Формально немцы контролировали всю учебную программу, однако на практике контроль этот не был полным и всеобъемлющим. Теоретическое обучение в Дабендорфе включало три крупных раздела: Германия; Россия и большевики; Русское освободительное движение. Для немцев была важна лишь первая тема, но и тут не возникало никаких противоречий: русское руководство курсов тоже считало необходимым ознакомить учащихся с историей и политикой Германии. Ведь только рейх активно сражался против большевизма, и лишь в этой стране Русское освободительное движение получило возможность оформиться в военном и политическом отношении. Тем не менее германская проблематика играла в обучении второстепенную роль, и главное внимание уделялось темам, связанным с русскими делами. Весь учебный материал разрабатывался персоналом дабендорфской школы и утверждался комиссией ведущих членов Освободительного движения. На курсах преподавались такие предметы, как история русского народа и развитие русской государственности, идеологическое подавление в СССР, аграрная политика советской власти, рабочий вопрос и стахановское движение, советская интеллигенция и культура, семья, молодежь, воспитание и образование в СССР, борьба советской власти против народа, экономическая политика советской власти, внешняя политика СССР и немецко-русские отношения в прошлом и настоящем.
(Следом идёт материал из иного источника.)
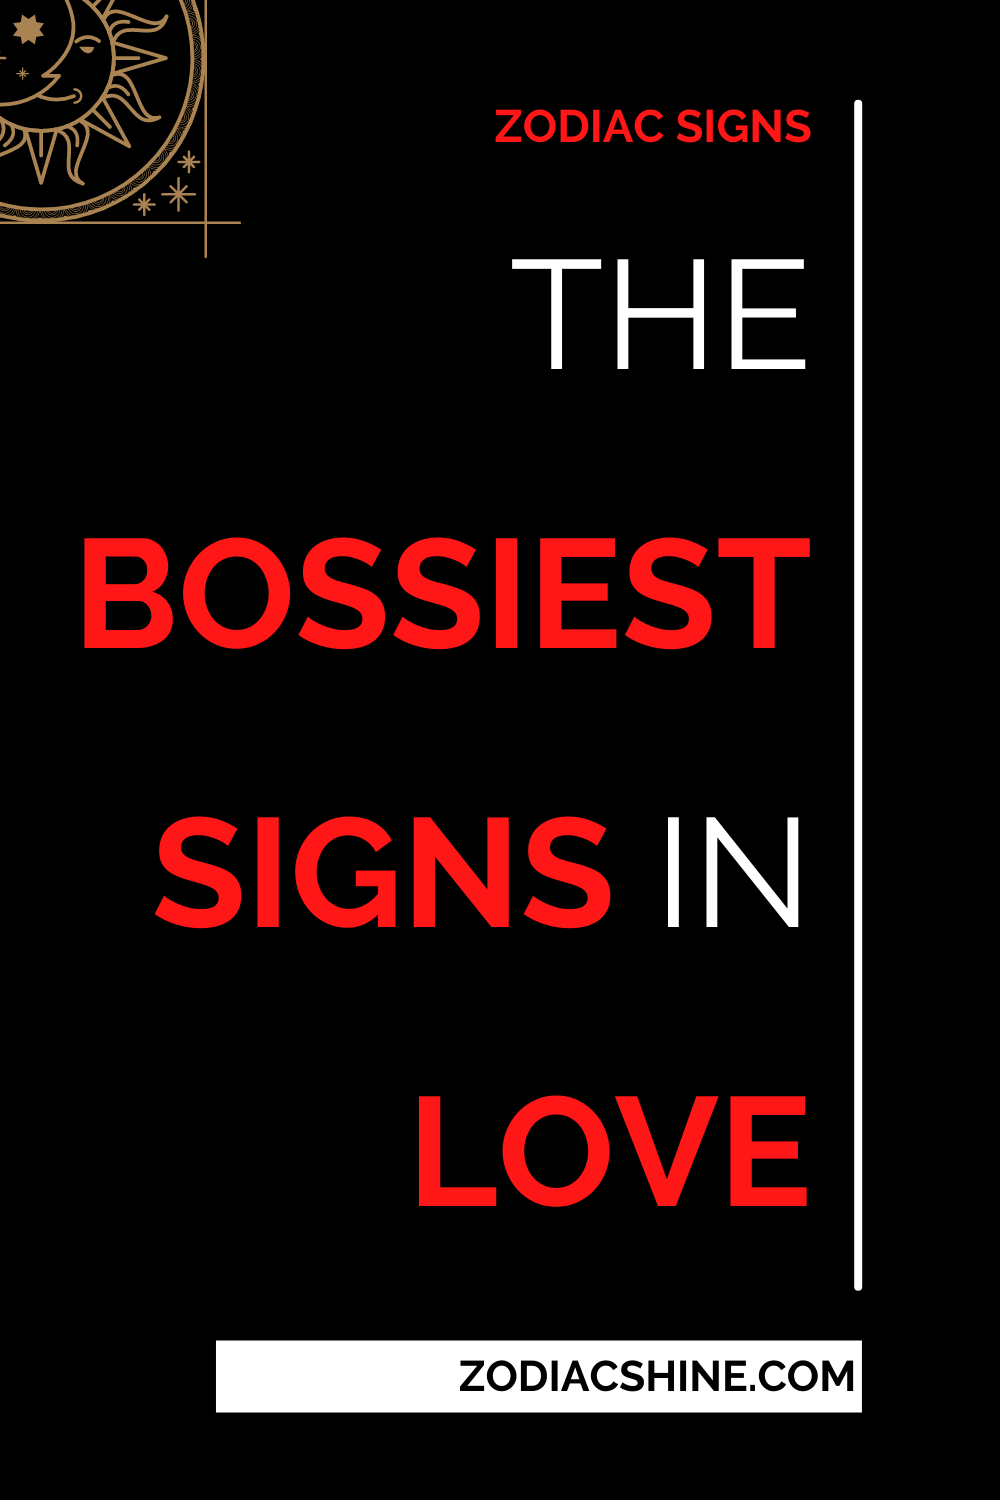 The Bossiest Signs In Love

В третьем разделе излагались идеи Русского освободительного движения в духе Смоленского обращения 1943 года[14]. Отдельные темы подробно обсуждались на лекциях, семинарах и докладах, слушатели располагали также печатными материалами „Библиотеки пропагандиста“ (публикуемой „Издательством курсов пропагандистов РОА“).

Наряду с усилиями по обучению квалифицированных пропагандистов идей Освободительного движения в добровольческих соединениях и лагерях военнопленных большое внимание уделялось проблемам формирования нового русского офицерского корпуса. Еще генерал-майор Благовещенский отдал распоряжение о разработке воинского устава РОА, а после замены Благовещенского генерал-майором Трухиным пропагандистские курсы приобрели строго военный характер. Была организована специальная квалификационная комиссия по определению военных должностей, разрабатывались условия повышения в чине. Большое место в расписании занимала строевая подготовка, курсанты подчинялись строгой дисциплине и были обязаны совершенствовать свои военные навыки[15]. Генерал-майор Трухин придавал особое значение возрождению старых русских офицерских традиций. Он лично читал лекции на темы „Что такое офицер?“, „Офицерская этика“, „Заветы Суворова“. Он и сам мог послужить живым примером образцового офицера. Генералы Власов, Малышкин и Трухин заблаговременно заботились о подборе подходящих командиров и штабных офицеров для задуманной ими Русской освободительной армии. Пленных командиров Красной армии, которые вызвались служить в РОА, собирали в Дабендорфе и начинали здесь готовить к предстоявшей им задаче.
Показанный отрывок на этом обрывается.